Data extract —
________________________
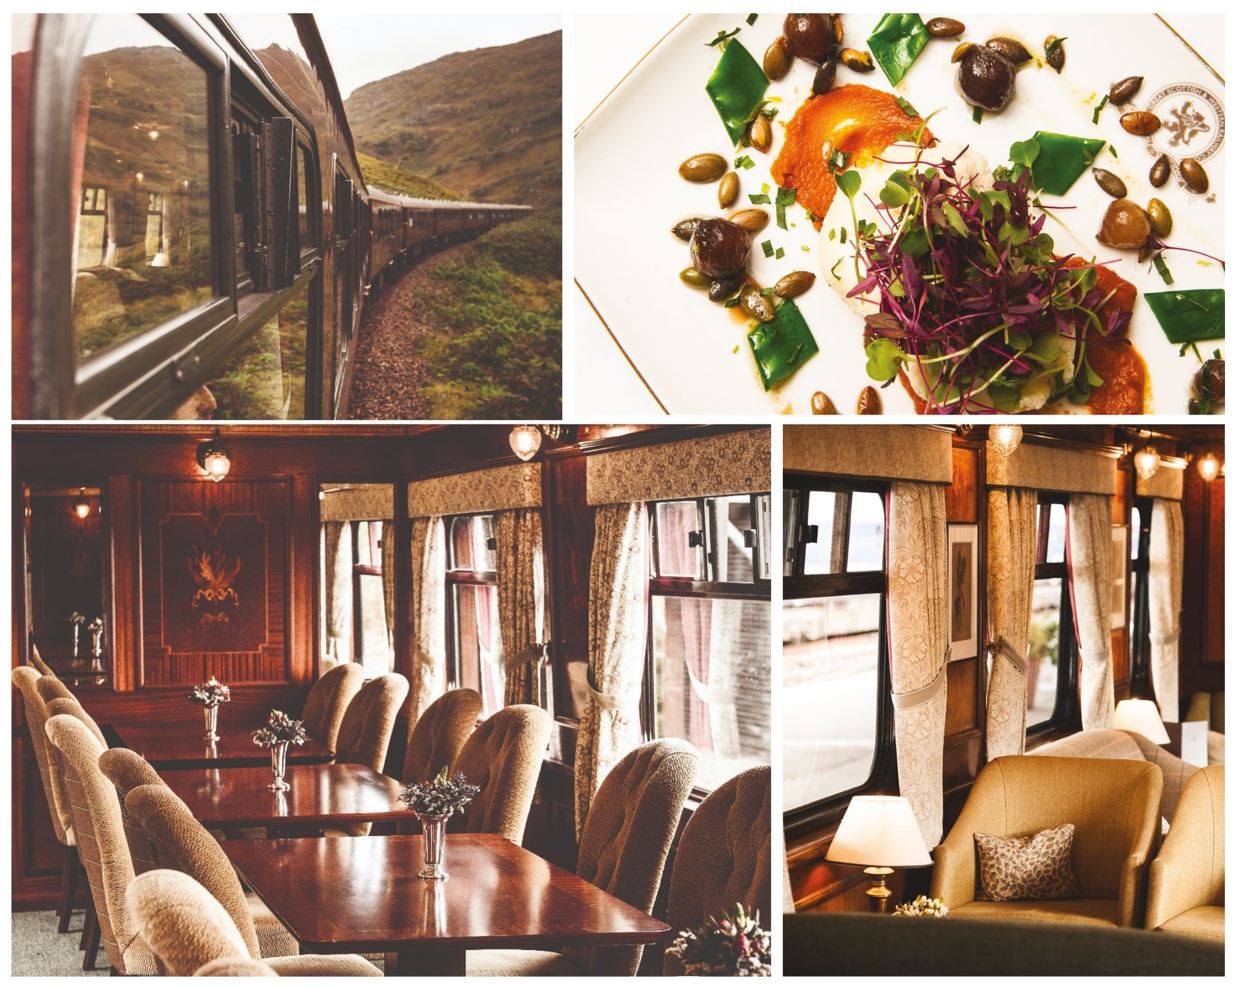 Royal Scotsman train most picturesque train journeys best train rides ever night trains daylight trains travel and home min
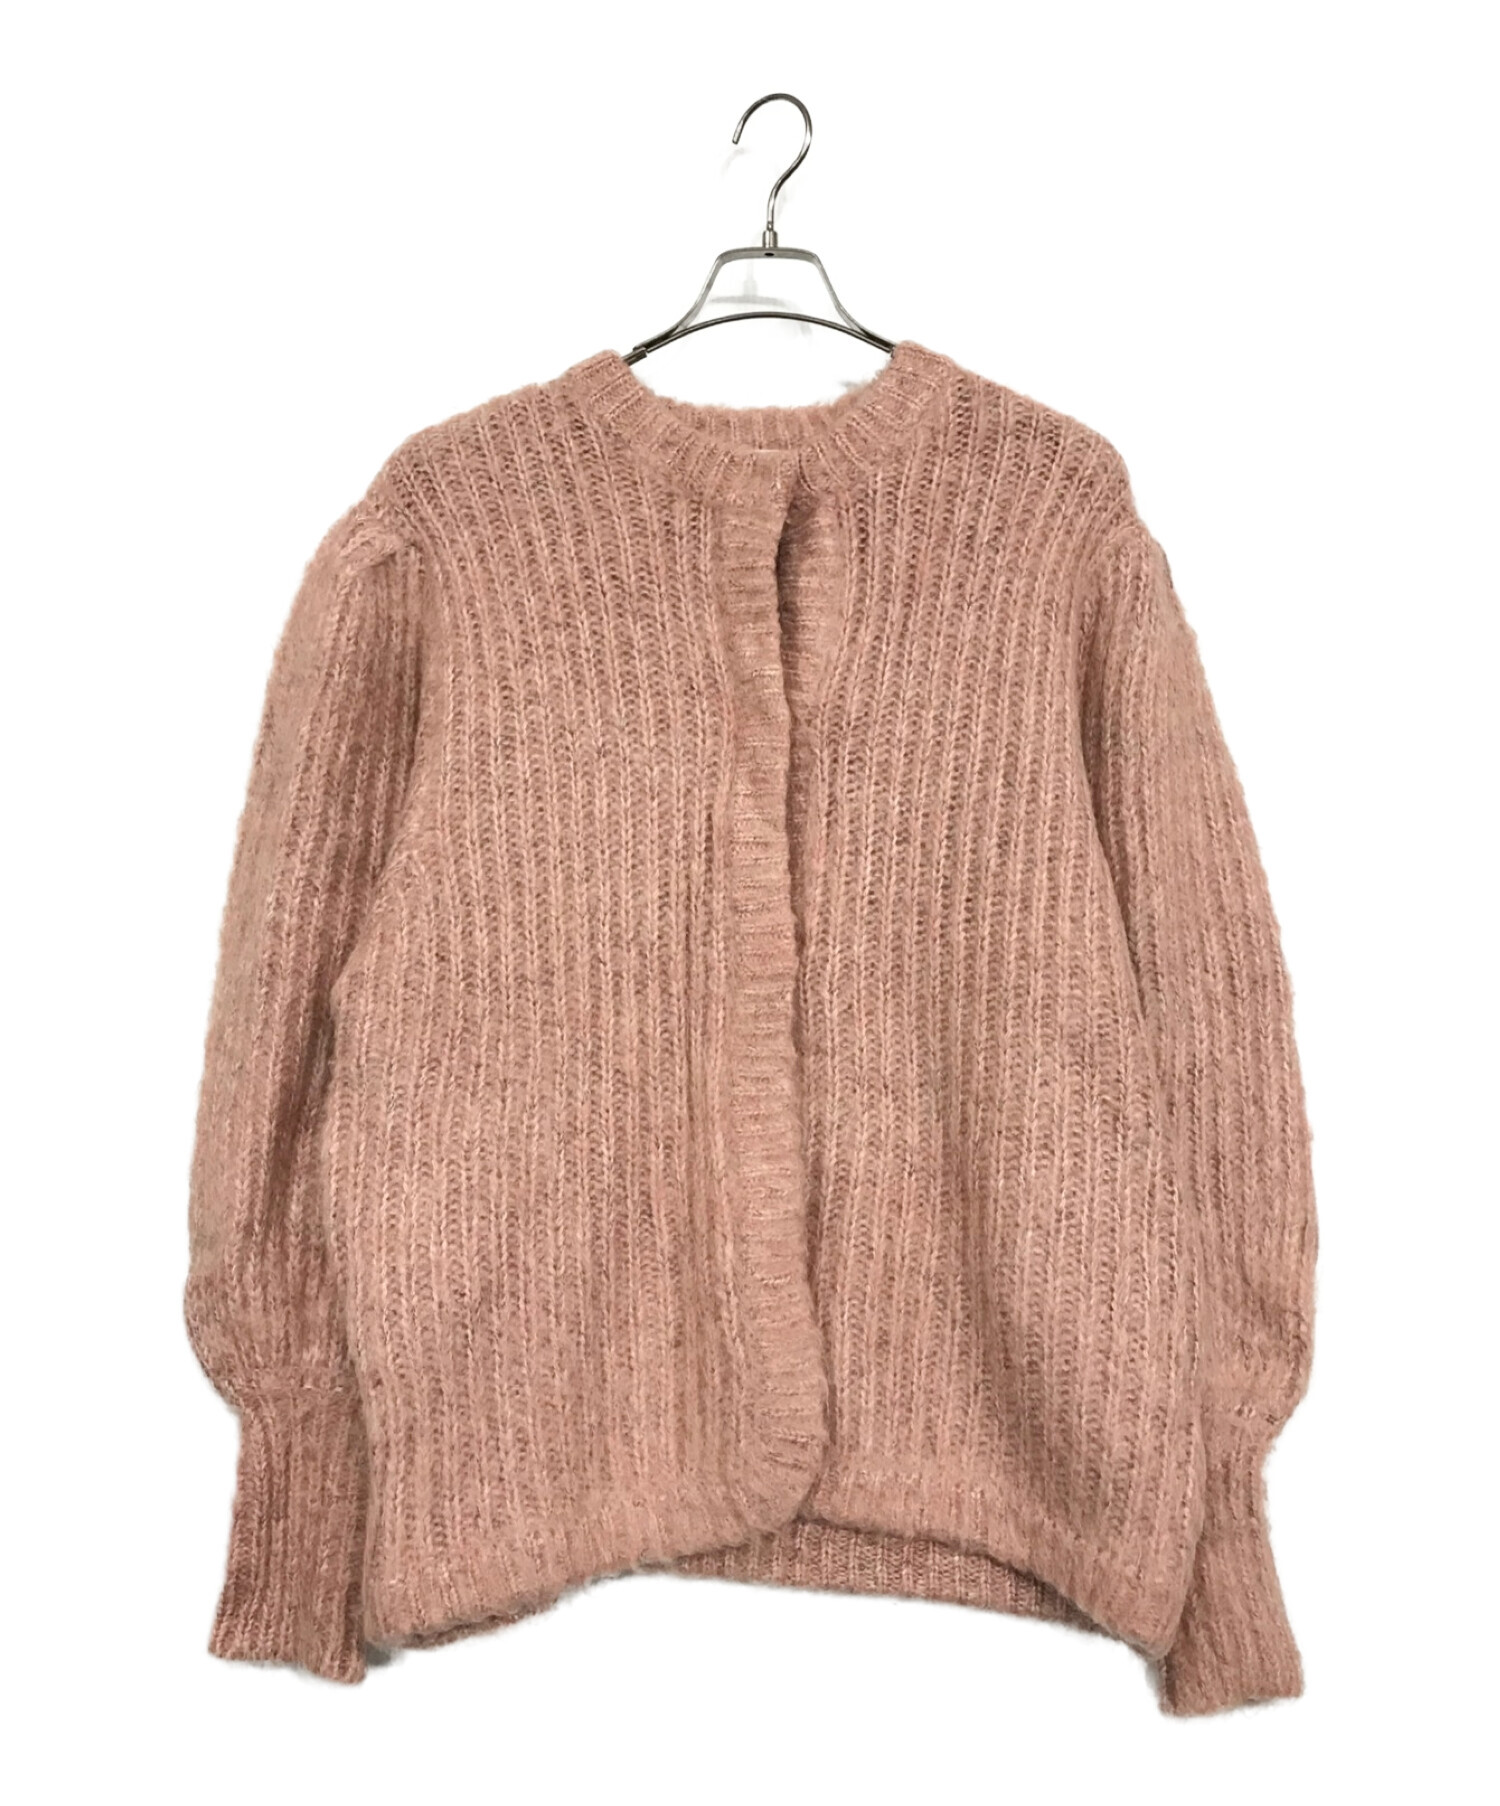 COLOR MOHAIR SHAGGY CARDIGAN pink - カーディガン/ボレロ
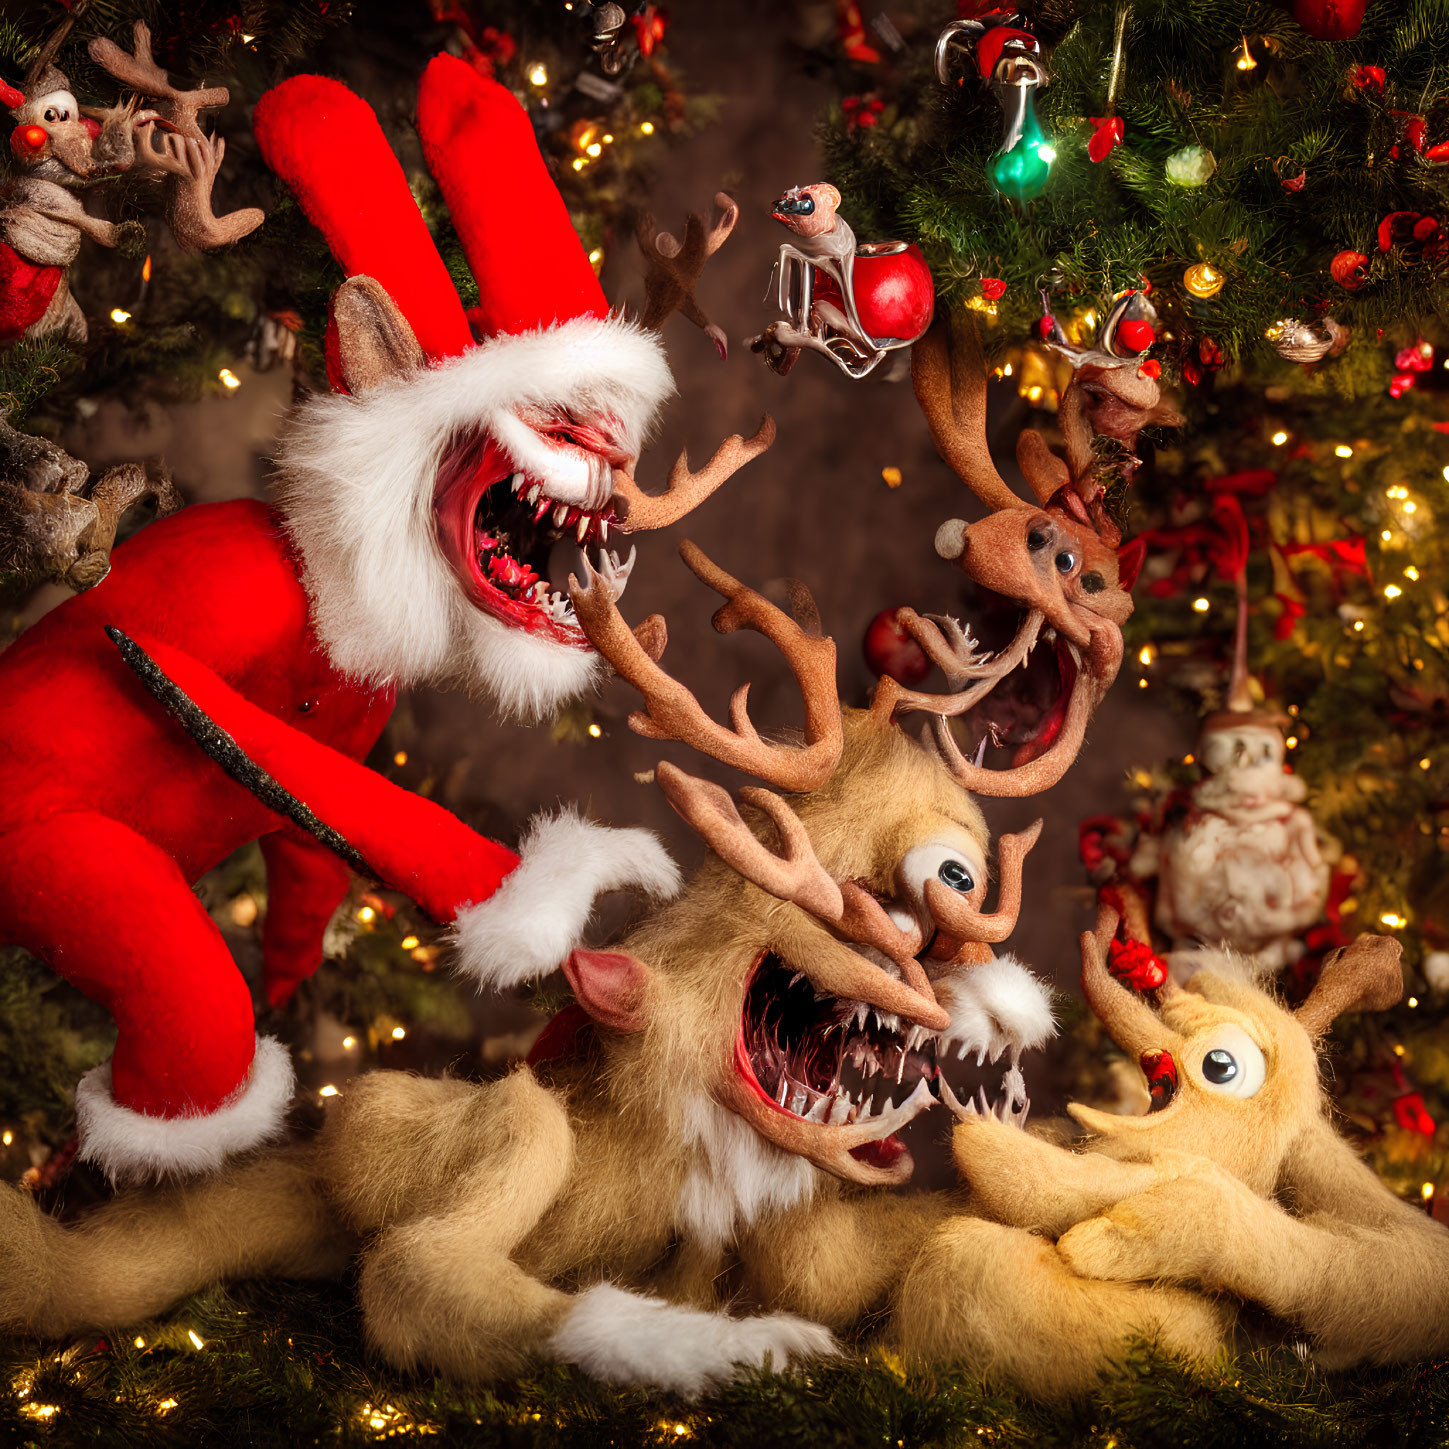 Christmas-themed plushies with oversized, humorous teeth in festive setting
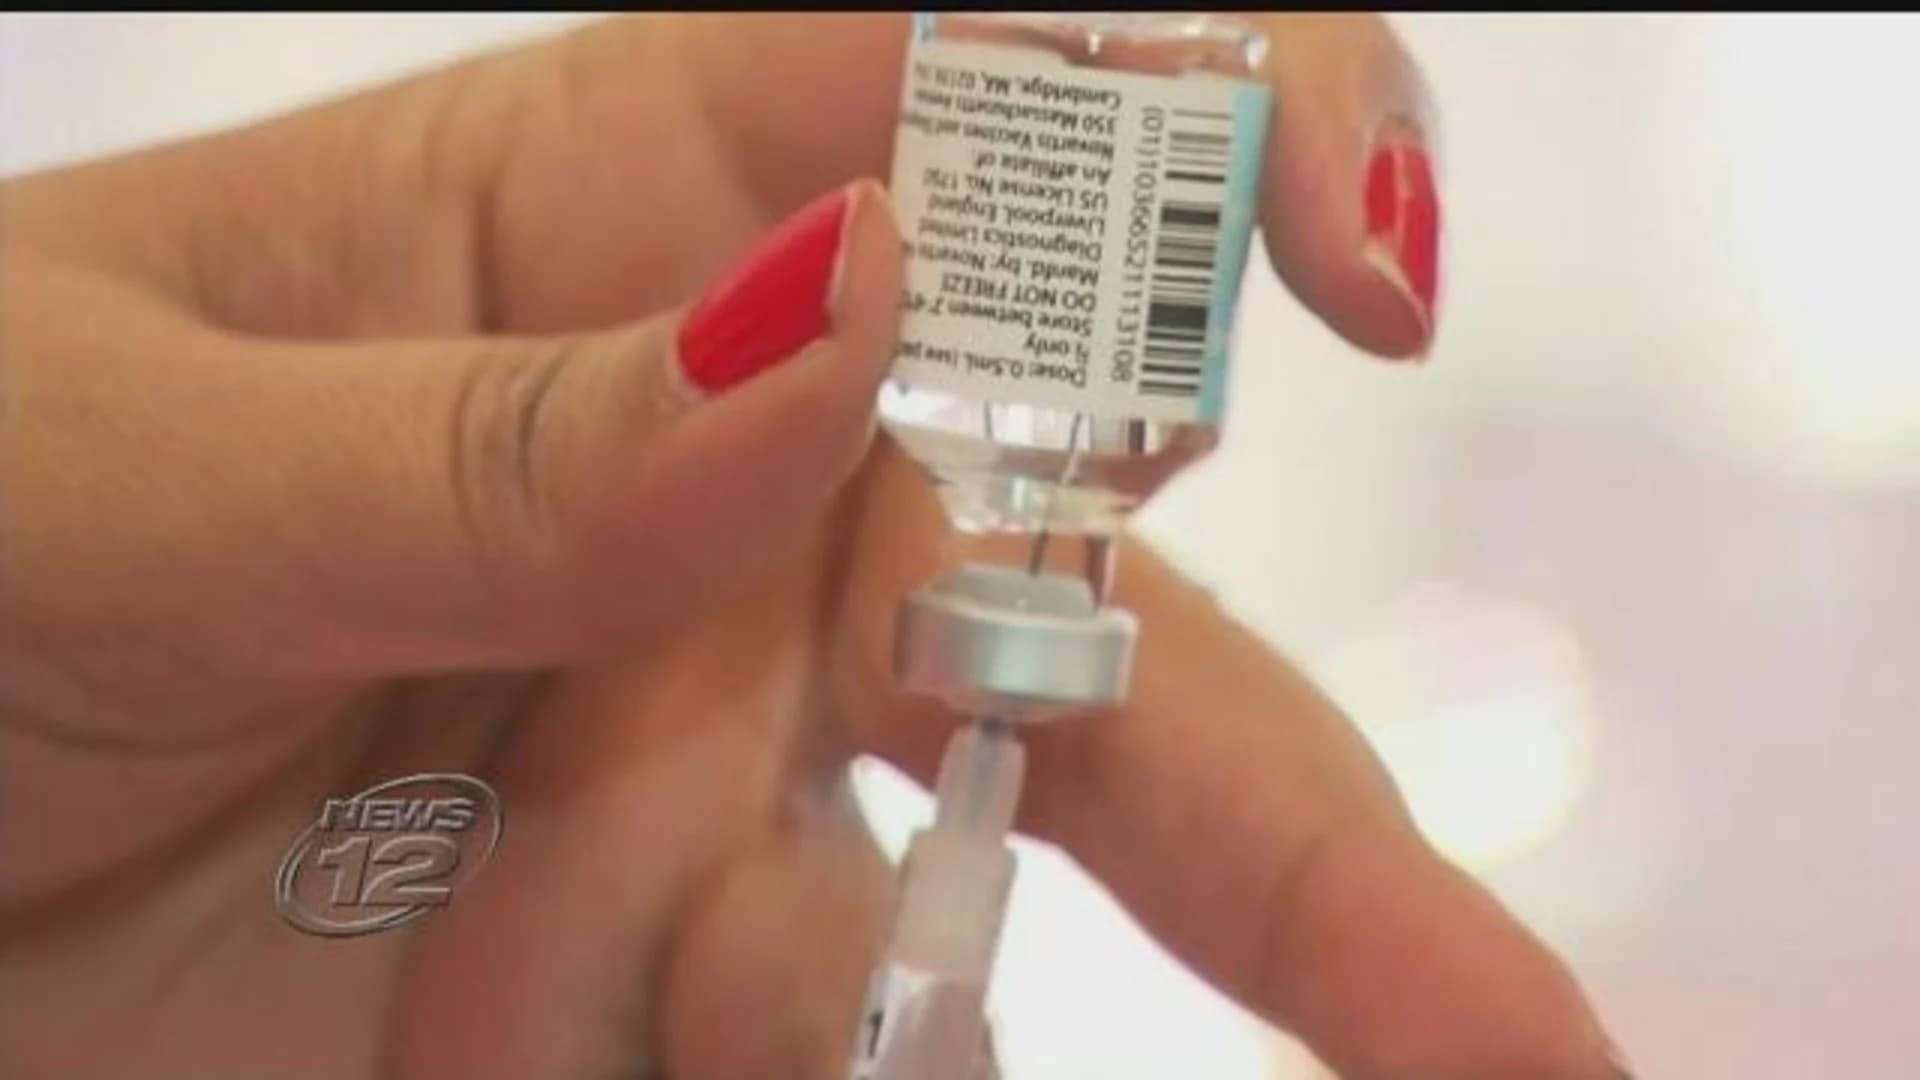 Doctors say it’s never too late to get a flu shot
________________________
Exercise directions —
In the answer, retype exactly and only the lines from the one holding "COLOR MOHAIR SHAGGY" through the end of the listing, keeping both ends and dropping every picture.

Your solution —
 COLOR MOHAIR SHAGGY CARDIGAN pink - カーディガン/ボレロ
 Christmas-themed plushies with oversized, humorous teeth in festive setting
 Doctors say it’s never too late to get a flu shot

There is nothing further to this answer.